“沒關系,我們請你來就是簡單做個筆錄,因為a國那邊壓得比較緊,而且你的妻子已經承認了,所有的事情都是她做的。”
謝家主聽到這句話時完全蒙了,在這之前,他正式過門的妻子還拒不承認,一直在說自己冤枉,分明是謝天佑的母親自己作死,身體又差,在保姆不知情的情況下跑出房間。

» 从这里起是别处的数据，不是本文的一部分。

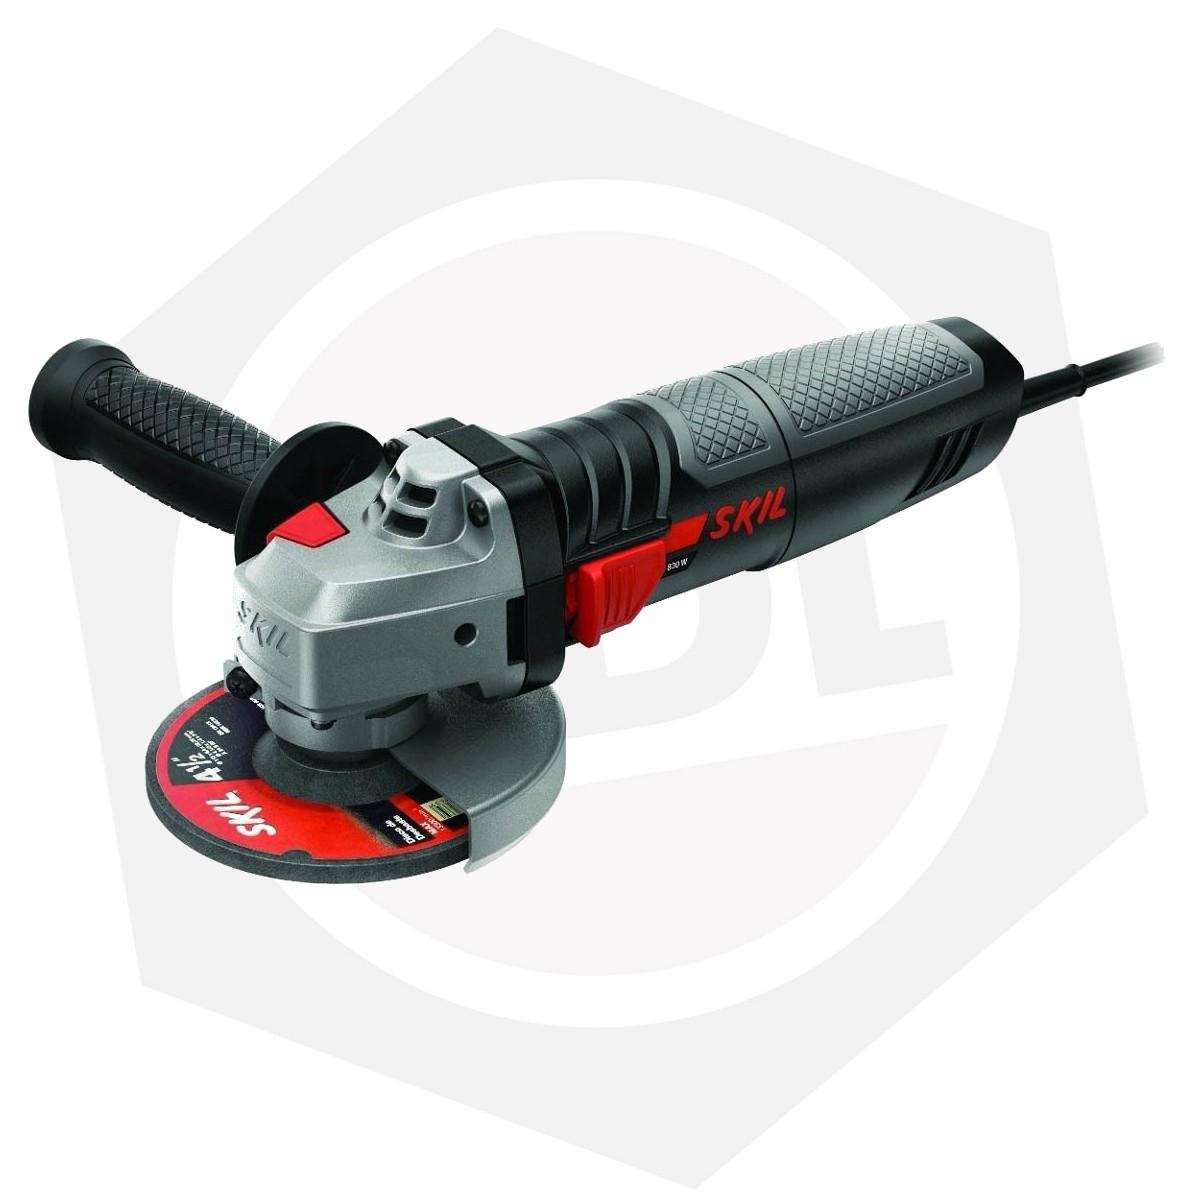 OFERTA - 10% DE DESCUENTO - Amoladora Angular Skil 9004 JR - 830 W

她連尚在襁褓中的謝天佑都不管,就自己發瘋跑出去,又暈倒了,最后發現已經為時晚矣。
謝父一直認為外傳的謝家活活凍死謝天佑的母親只是謠言而已。為什么呢,就算是這樣,她也不應該承認。
電話已經打過去了,謝父根本沒想到這通越洋電話能夠打通,謝天佑已經接到電話,聲音很是低沉。
“喂,你好,哪位?”
謝父雙手捧著電話,從未有過的狼狽與失態,幾乎是顫抖著聲音說道:“天佑,這些年我知道是我虧待你了,但你晴姨沒有做錯啊,她沒有害過你的媽媽,所有的一切都是意外。爸爸求你了,咱們家的股市已經崩了,如果再繼續下去,我們謝家就破產了。”
百年傳承的書香世家不過是個頭銜罷了,但偏偏謝父當了真,把家里所謂的榮耀看得很重,他絕不允許謝家在他在任期間落寞了。
“天佑,你回國吧,上次你回來爸爸就和你說過了,你比你弟弟有才華有能力,你才是更適合掌管謝家的人,就連你晴姨都這樣說了呀。”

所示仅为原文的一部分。